Memories of my early life at the Displaced Persons Camp at Husbands Bosworth,  Northamptonshire.

Kazia Malińska Myers      2017


A brief history of the prequel before arriving at Husbands Bosworth Camp:

My parents Kazimierz and Anastazia Maliñski were arrested by the Russian soldiers in the middle of the night on 10th February 1940, at their address of Leœniczówka ‘Pianka’, Stary Mizuñ, Dolina, and with thousands of other families packed on cattle trains and deported to Siberia.Their families lived in the Rawa Ruska region, and my mother’s family were rounded up by the Germans and sent to labour camps in Germany. My parents survived Siberia and in the years 1941 – 42 made their journey across Kazakhstan, Uzbekistan and across the Caspian Sea in an overcrowded old freighter to Pahlevi, where after the much needed recovery of their health and strength, they both joined  Anders’ Army.After my birth in October 1943 my mother stayed in Palestine. My father was sent to Egypt in preparation for the deployment of the 2nd Corps to Italy, in January 1944.
My mother and I, together with a great number of Polish mothers and children, waited out the war years in Palestine, then under the British mandate. The situation in this once safe British colony dangerously deteriorated with the escalation of fighting between the Jews and the Arabs. In 1947 the British were forced to evacuate their families. The Polish mothers and children were allowed to leave too, in order to join their soldier husbands and fathers in England. My mother and I sailed from Port Said on the boat SS Samaria in January 1948. After the sunny and warm Palestine, Liverpool in the middle of winter, was piercingly cold and depressingly misty. I still remember shivering  violently  in my summer coat and sandals. I was four.
The waiting coaches took this contingent of Polish mothers and children to various destinations across England. Our coach, after a seemingly interminable journey (I still remember the  telegraph poles flying past our coach window and the fields like a vast green sea) transported us to Hertford Bridge, near Morpeth in Northumberland. Our new home was a quarter of an army hut, shared with three other mothers and their children. We lived there for the next nine months. Sadly, the much awaited reunion with my father did not take place. The four-year-long separation and the wartime trauma caused my father to form a relationship with someone else In September 1948, my mother and I together with a large group of people were transported to Husbands Bosworth Camp.

  Husbands Bosworth Camp

This military camp with an airfield, situated between Northampton and Leicester, had been used by the Airforce  during the war.  The Nissen huts made of corrugated iron were predominantly used for living quarters and the long  brick buildings for administration or community purposes. There were four sites, and the number of Poles occupying them could have been close to  800, at the beginning. Gradually, as people found work in the nearby towns of Market Harborough,  Rugby, Northampton and Leicester, they moved to rented accommodation to be close to their work.

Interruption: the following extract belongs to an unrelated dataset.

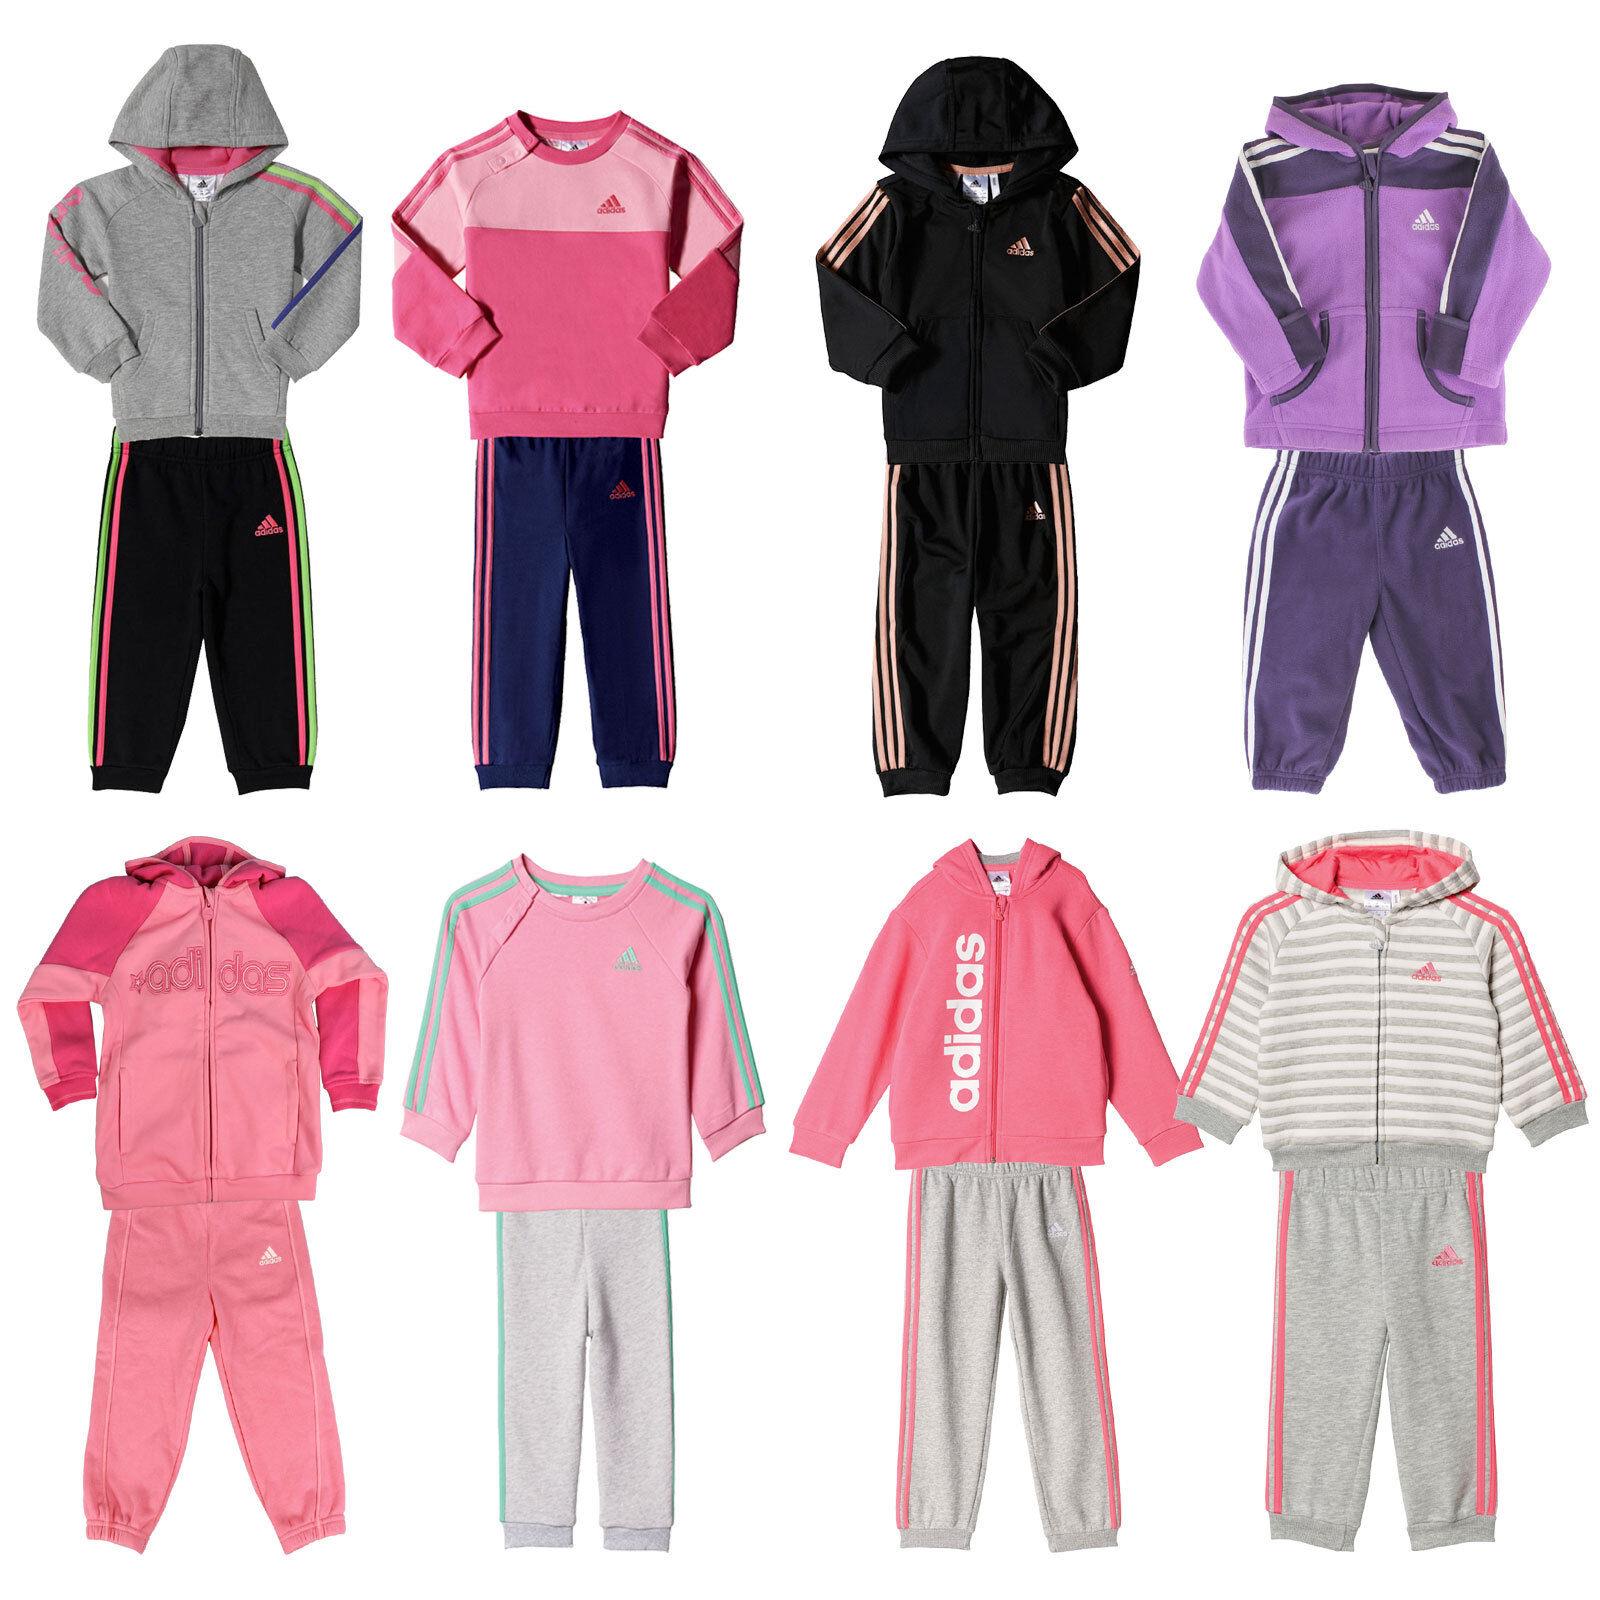 adidas Performance Baby-Jogger Kinder-Jogginganzug Mädchen-Trainingsanzug Set
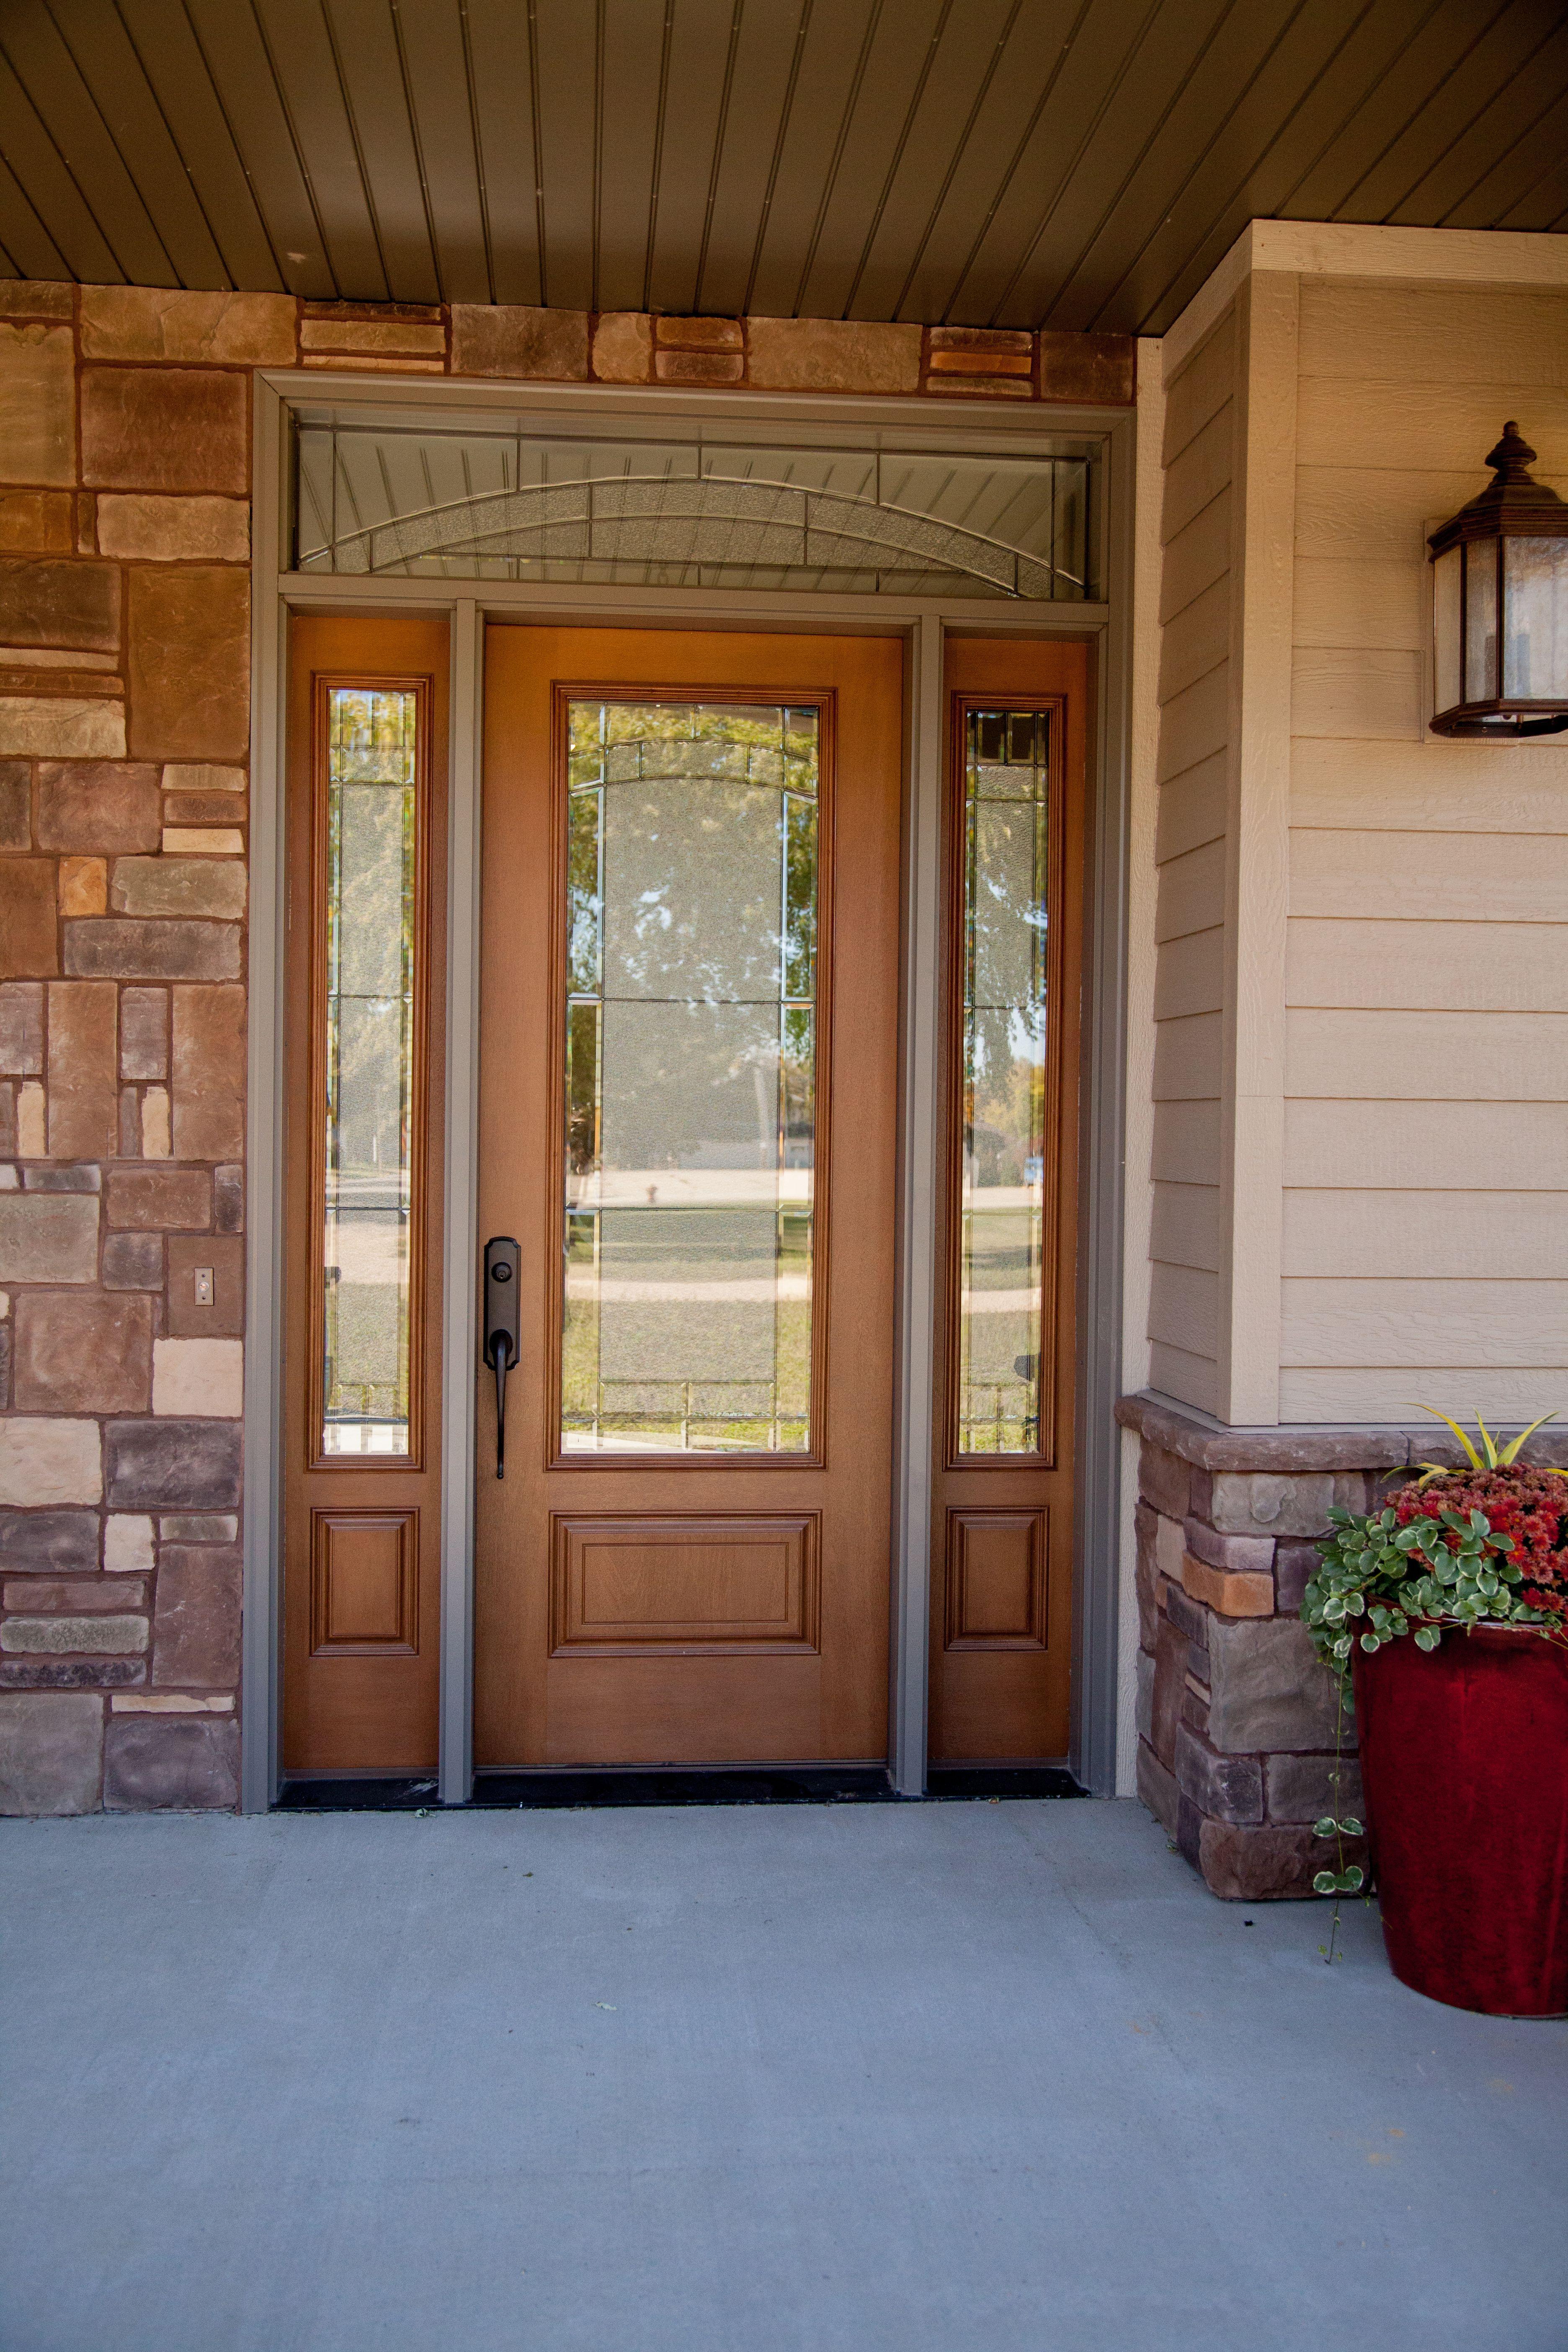 Exterior Doors Fir Fiberglass Three Quarter Light Element Glass With Transom And Sidelites Prefinishe Fiberglass Exterior Doors Exterior Doors House Front

Many emigrated to Canada. U.S.A. and New Zealand, especially as it was becoming clear that Stalin had no intention of loosening his grip on Poland.
Initially, because of the number of people, four families were allocated to each hut, with just a hung-blanket partition between the families. As a small child I was unaware of the discomfort, but for the grown-ups this must have been a nightmare. Yet no worse than crowding on the cattle trains on the journey to  Russia. As time went on, families could spread out to two per hut, then, when the numbers significantly decreased, each family could enjoy having their very own hut. I lived in ours for nine years, till 1957.
The iron beds, the small square table and the four folding chairs must have been the Air force’s legacy to us, and very pleased we all were for that. The more enterprising people created additional furniture by cleverly reusing empty orange boxes or any wood acquired with not too much of a cost. The women soon transformed these basic huts into homes with lace curtains, colourful bedspreads, cross-stitched cushions and embroidered wall hangings. The corrugated iron made the huts very hot in the summer and very cold in the winter, despite the iron stove in every hut. Once the fire went out during the night, I often woke up to icicles on the windows inside our room. The winters in the 1950’s were harsh with heavy snow-falls, the top layer often reaching the windowsills.
Everyone became a keen gardener, making the most of the patch of land closest to their hut to grow vegetables, and softening the drabness of the huts with climbing roses and colourful, seasonal flowers. Many people kept hens for eggs. We had four, which I adored like pets. We also had two cats for keeping the mice at bay.
Our camp was very well organised, which, as children we did not realise. I have wonderful memories of care-free play, with lots of other children on the daisy-spotted meadows, in the shady woodland areas, by the stream on the edge of Site 4 and of cycling with no fear of any traffic on the lanes that criss-crossed our camp between the sites. In our camp we had a community hall which was used for meetings, dances and theatre. There was a separate cinema building. There was a church building (once a Gym), a school, and a separate building for playschool. There were communal  baths and communal toilets. There was also a cottage hospital and an administration building.
The warden of the camp was an English gentleman, who drove around dashingly in a sports car. His Polish counterpart was Mr. Ertman, who was a great help to those who had not mastered yet another new language, encountered on their travels since leaving home in 1940.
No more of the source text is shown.